Figure 2 presents a better performing, albeit less simple and cheap, solution that’s the subject of this Design Idea.

Figure 2 Q1 and Q2 cooperate with C to double VL for actuation, Q2 and D2 sustain, then Q3 rapidly discharges C through R to quickly recover for the next cycle.

Actuation begins with a positive pulse at the input, turning Q1 on which drives the bottom end of the coil to -VL and turns on Q2 which pulls the top end of the coil to +VL. Thus, 2VL appears across the coil, insuring reliable actuation. As C charging completes, Schottky diode D2 takes over conduction from Q1. This cuts the sustaining voltage to ½ the actuation value, and therefore drops sustaining power to ¼.

At the end of the cycle when the incoming signal returns to V0, Q3 turns on, initiating a rapid discharge of C through D2 and R. In fact, recovery can easily be arranged to complete in less time than the relay or solenoid needs to drop out. Then no explicit inter-cycle delay is necessary and recovery time is therefore effectively zero!

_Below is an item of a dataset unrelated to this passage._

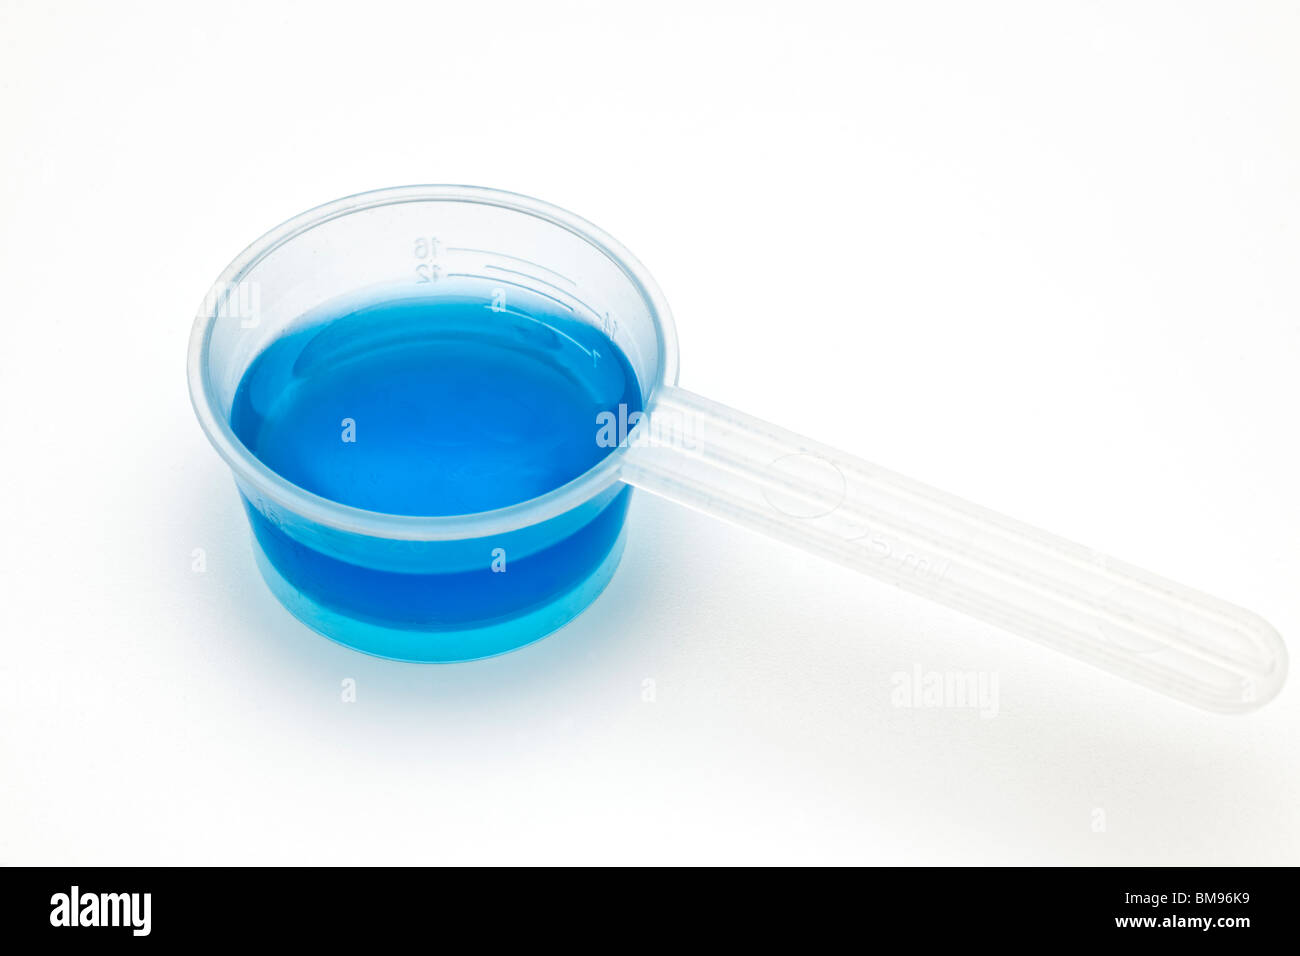 10 ml de líquido azul en un cacito dosificador de plástico Foto de stock

Moral: You get what you pay for!

But what happens if even doubling the VL logic rail still doesn’t make enough voltage to drive the coil and a higher supply rail is needed? 

Figure 3 addresses that issue with some trickery described in an earlier Design Idea: Driving CMOS totem poles with logic signals, AC coupling, and grounded gates.

 

Figure 3 Level shifting Q4, R1, and R2 are added to accommodate ++V > VL.

 Stephen Woodward’s relationship with EDN’s DI column goes back quite a long way. Over 100 submissions have been accepted since his first contribution back in 1974.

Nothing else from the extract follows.